** Your objective **
Recreate the listing that follows line for line, without pictures.

** Dataset excerpt **
⟨
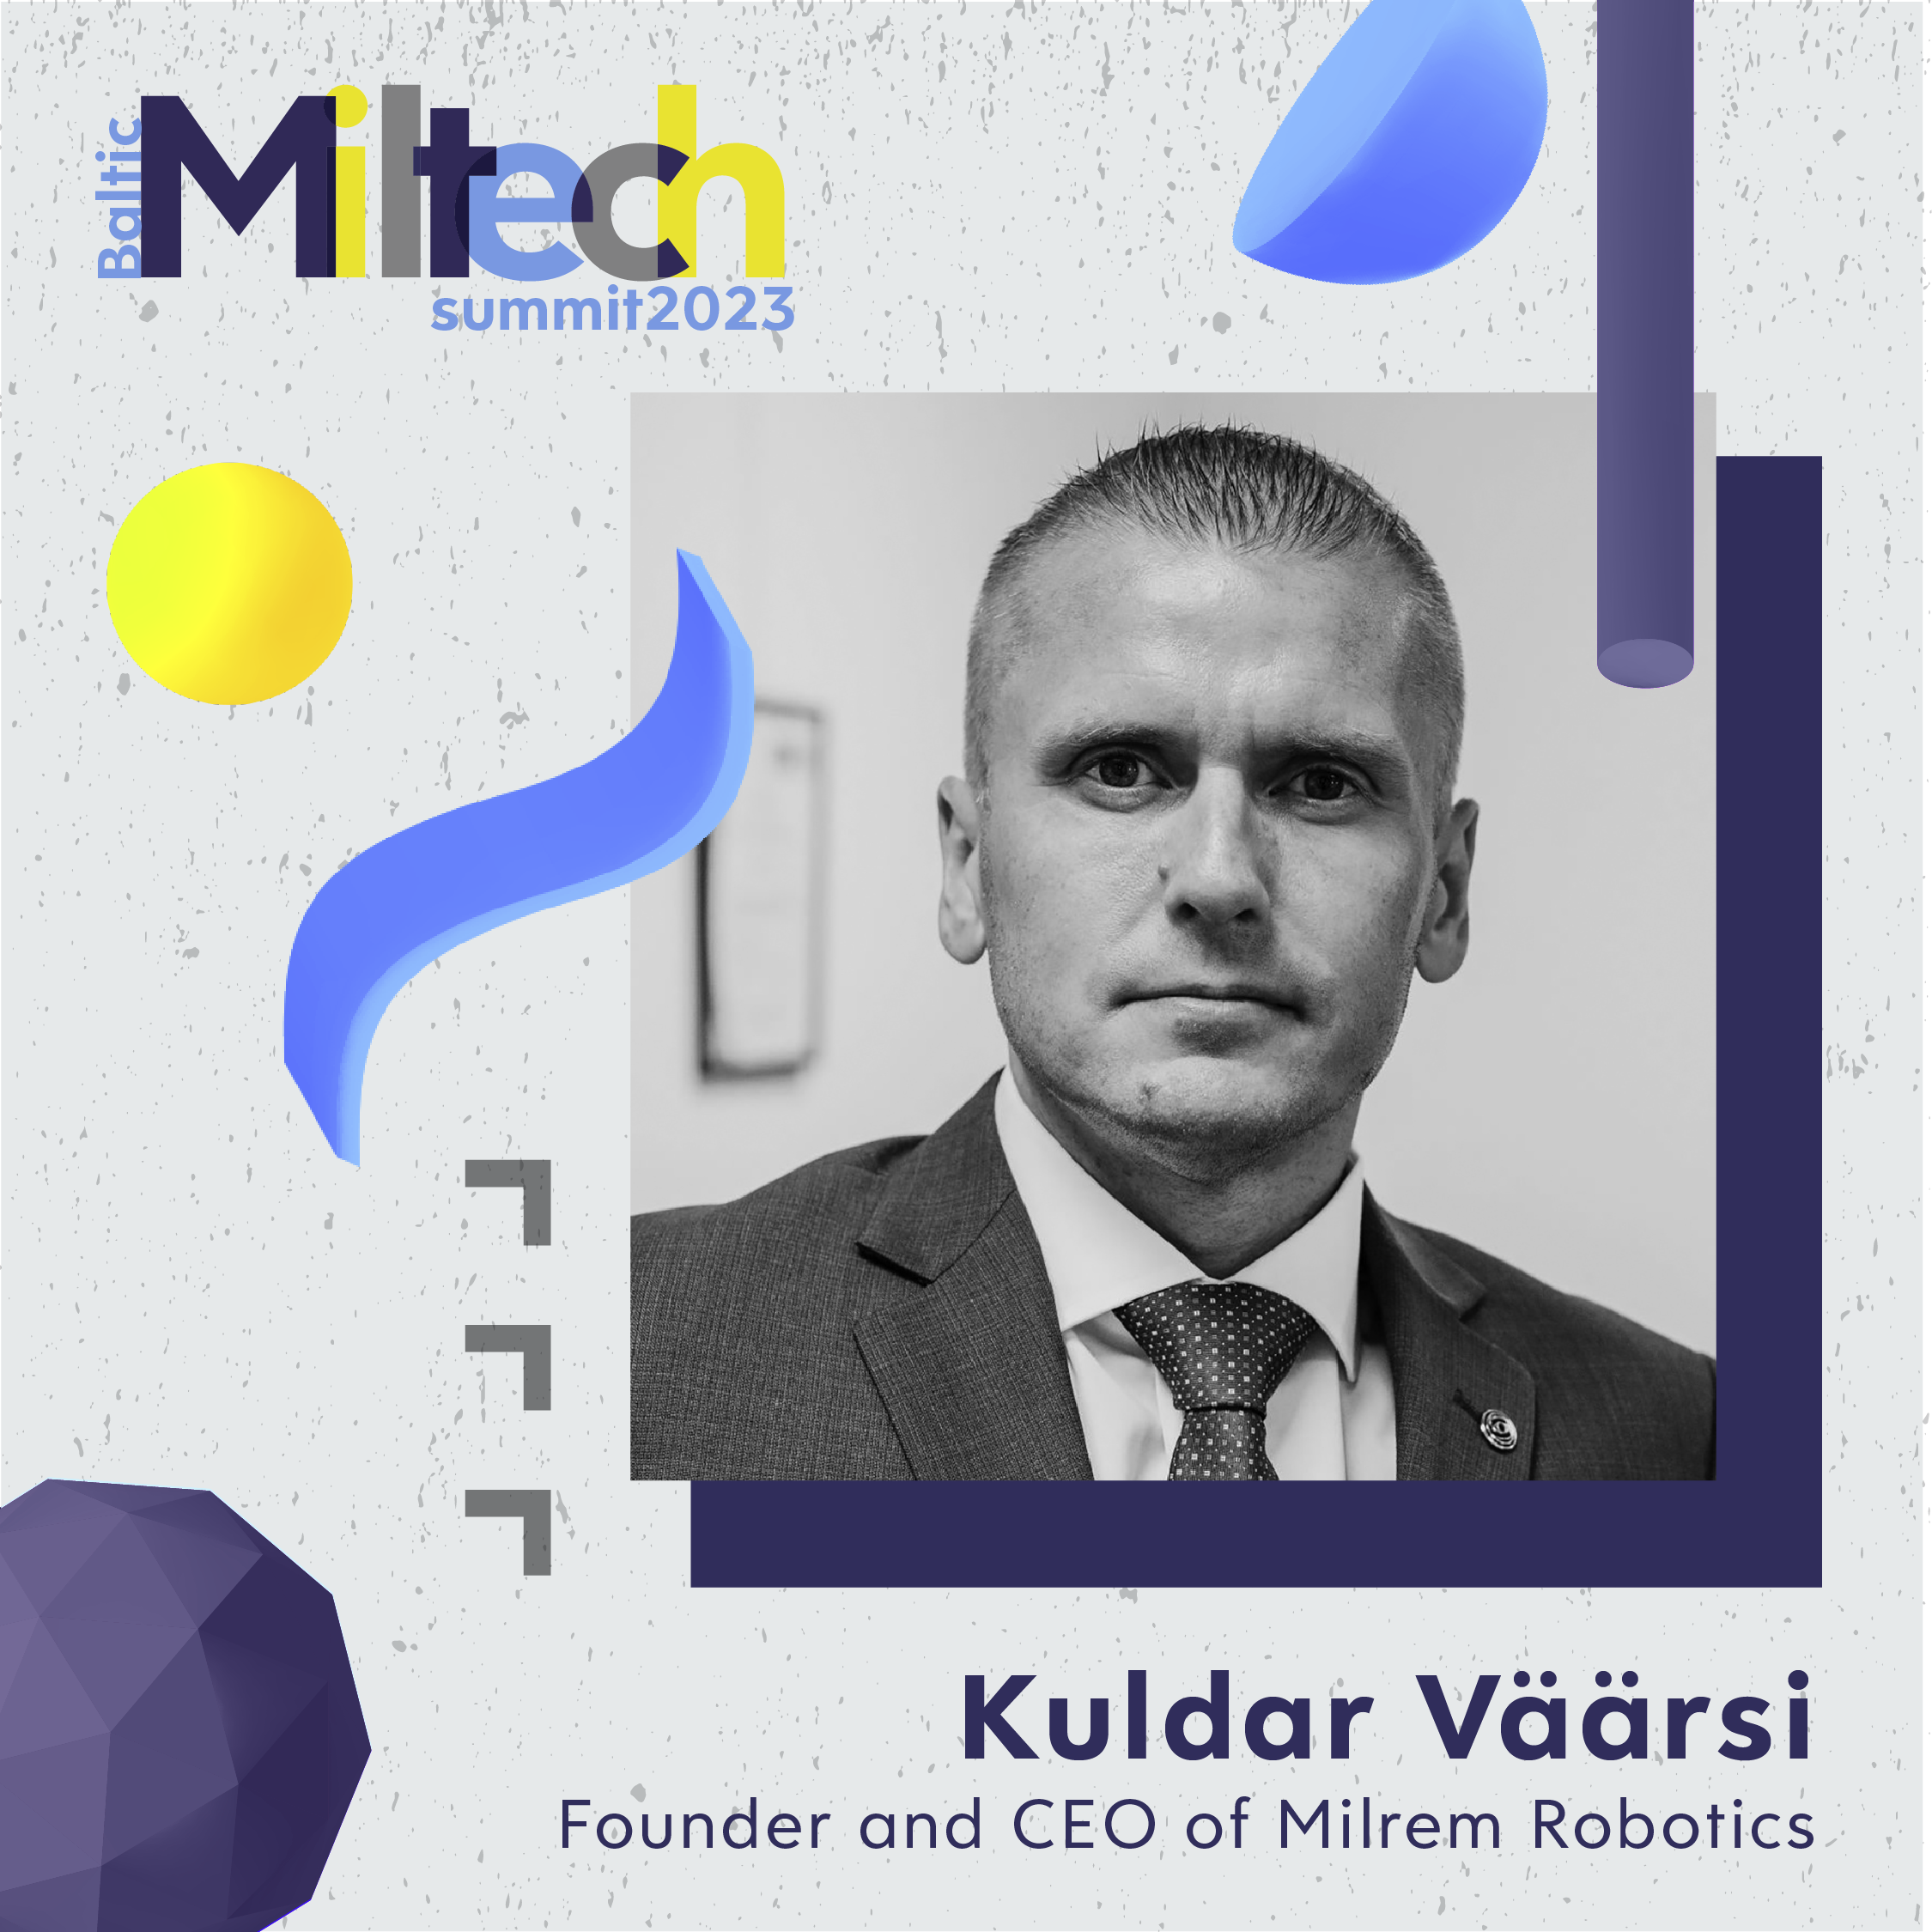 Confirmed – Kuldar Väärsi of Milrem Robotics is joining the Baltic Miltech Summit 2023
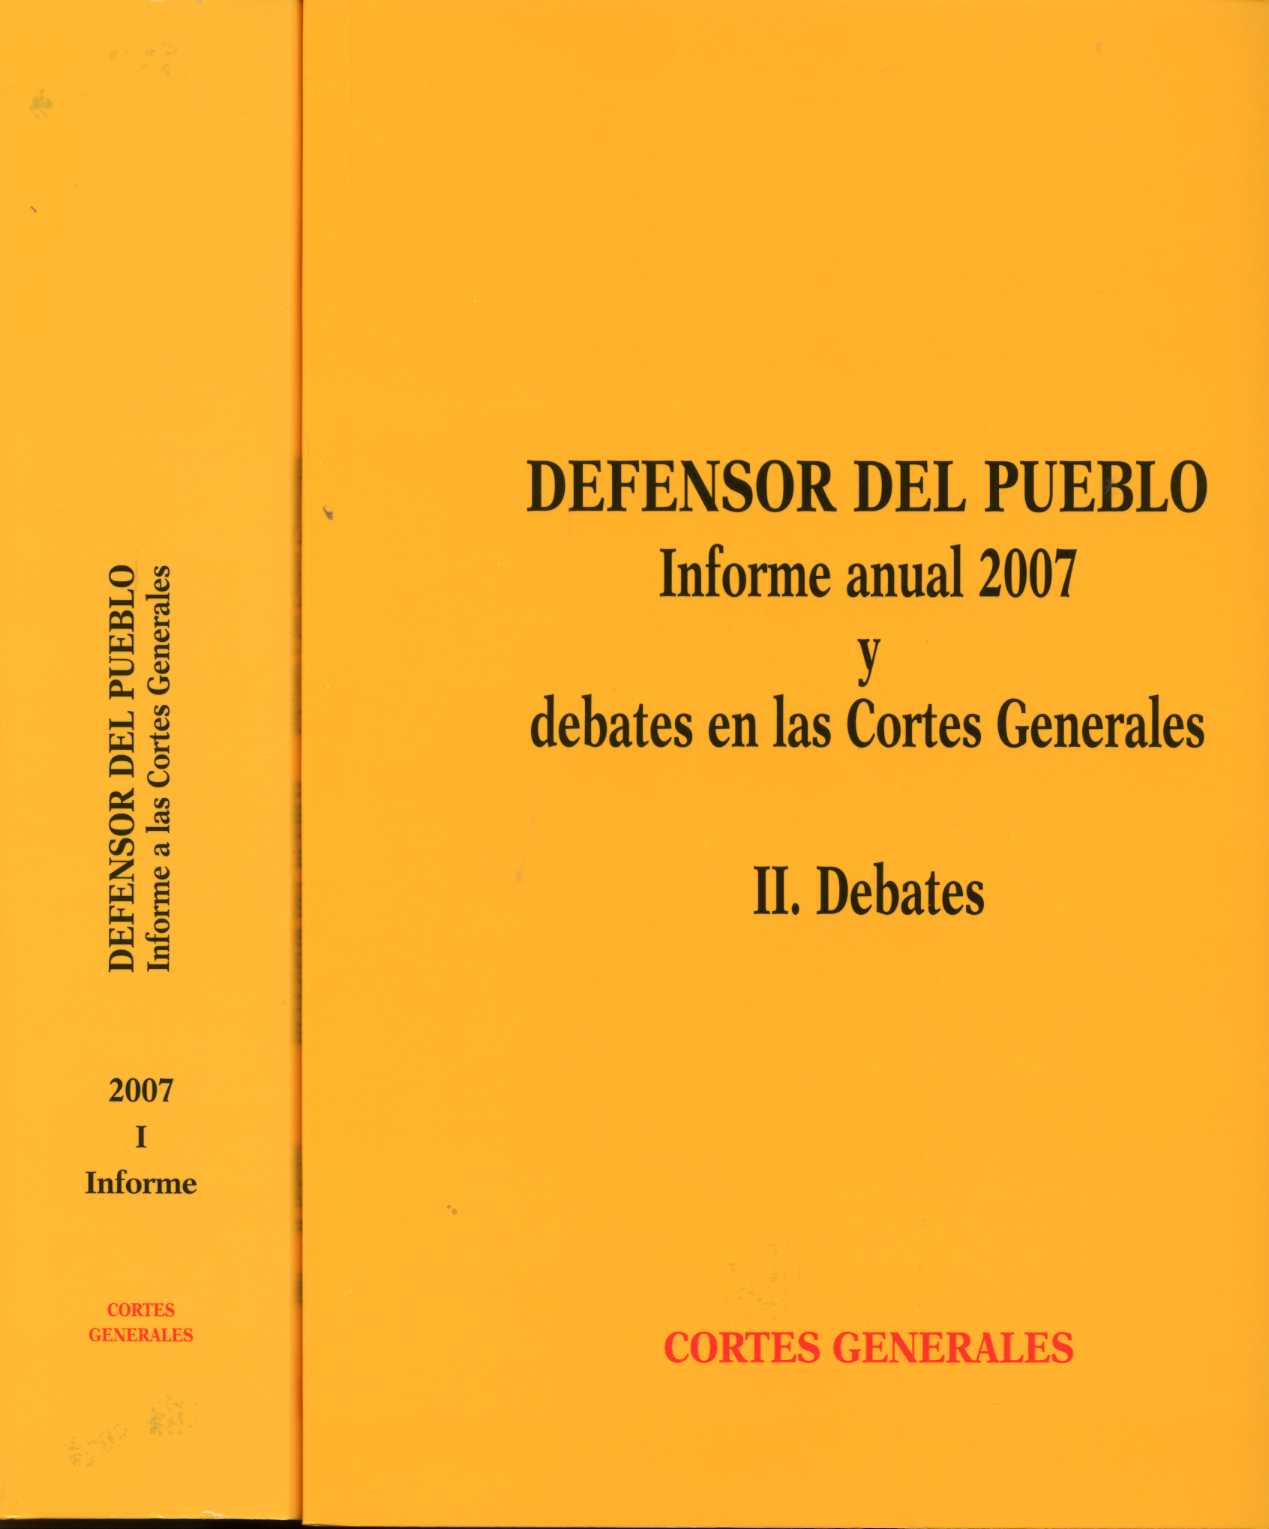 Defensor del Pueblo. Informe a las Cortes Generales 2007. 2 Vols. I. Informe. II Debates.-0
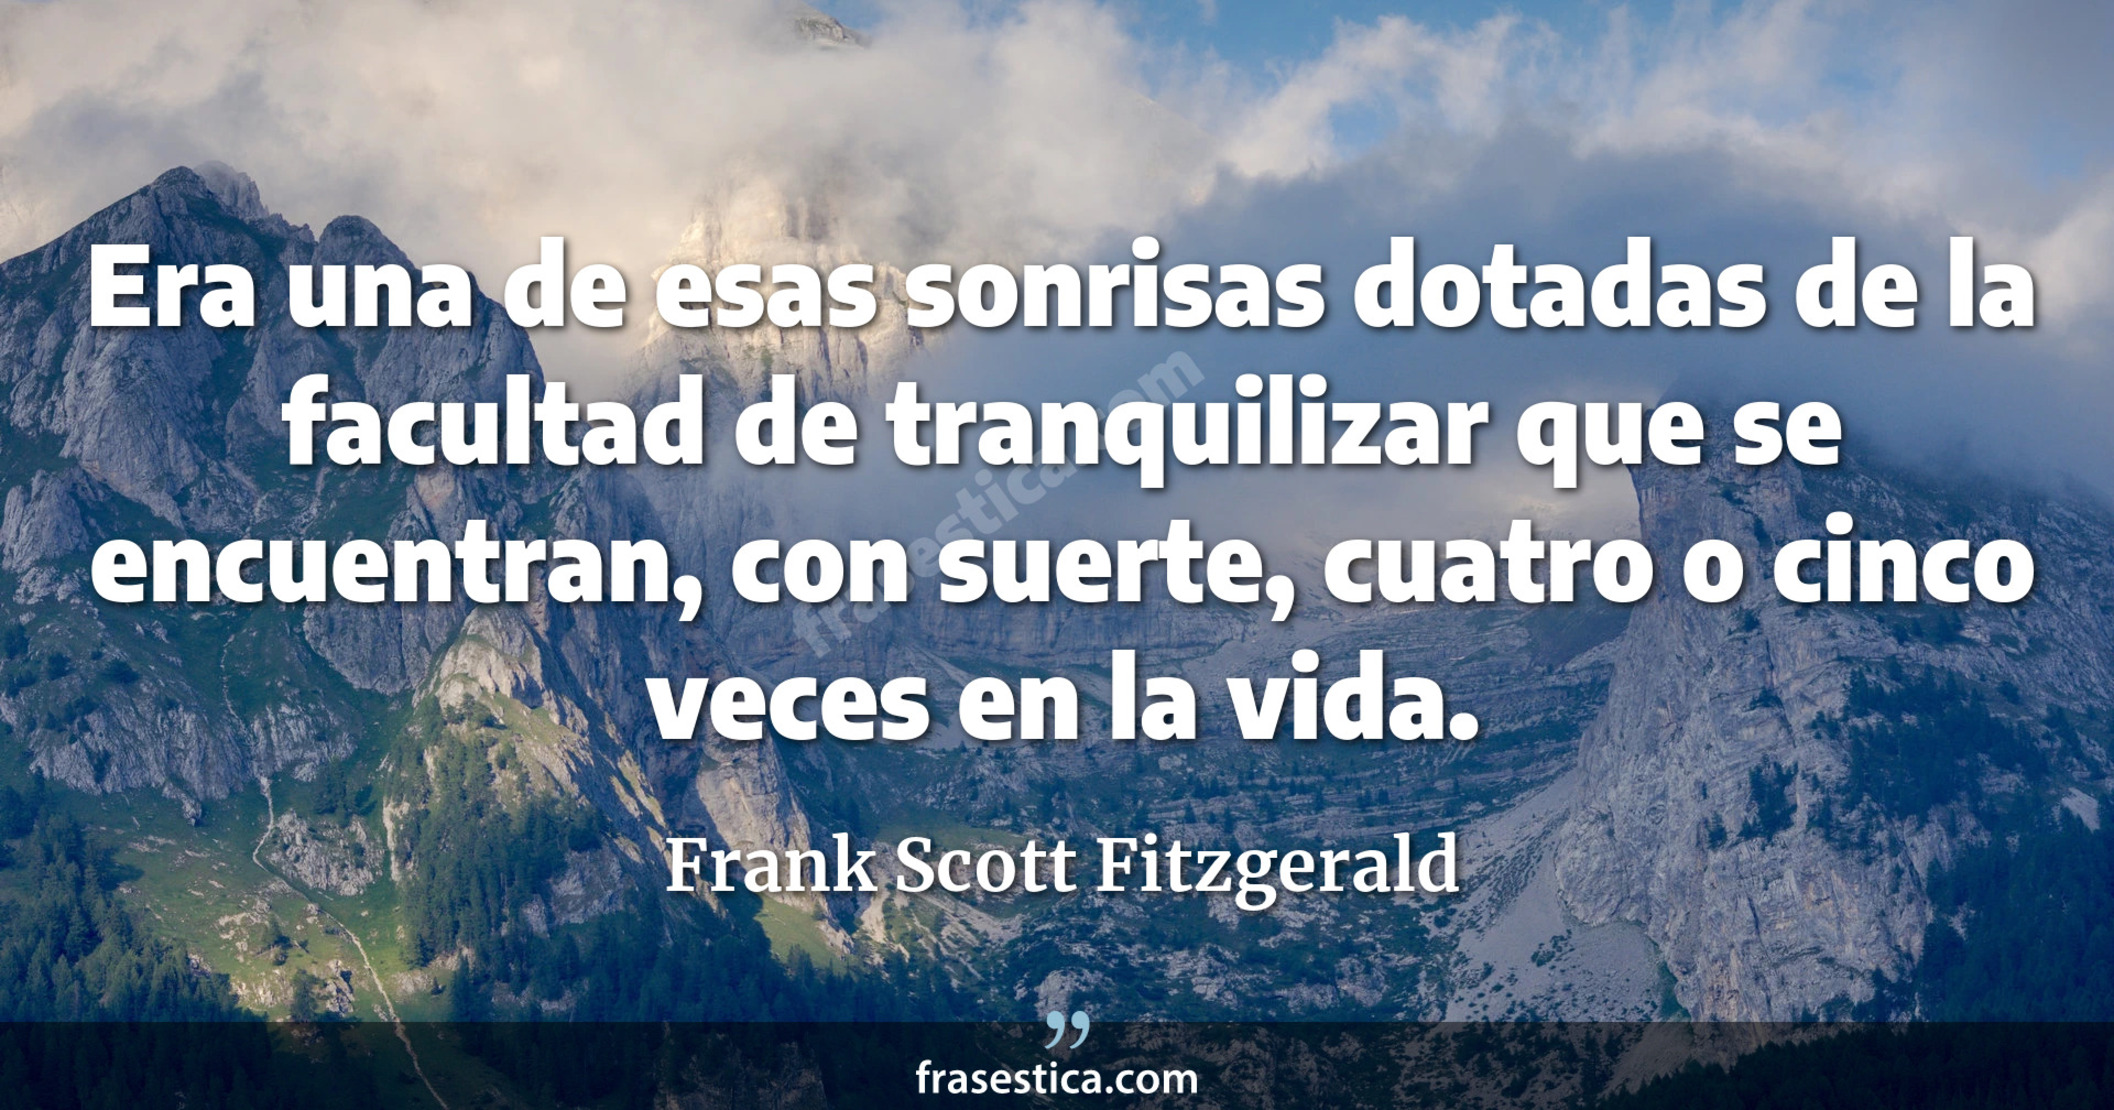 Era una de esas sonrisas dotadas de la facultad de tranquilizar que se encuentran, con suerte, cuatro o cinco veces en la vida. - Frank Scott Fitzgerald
⟩
** Answer box **
 Confirmed – Kuldar Väärsi of Milrem Robotics is joining the Baltic Miltech Summit 2023
 Defensor del Pueblo. Informe a las Cortes Generales 2007. 2 Vols. I. Informe. II Debates.-0
 Era una de esas sonrisas dotadas de la facultad de tranquilizar que se encuentran, con suerte, cuatro o cinco veces en la vida. - Frank Scott Fitzgerald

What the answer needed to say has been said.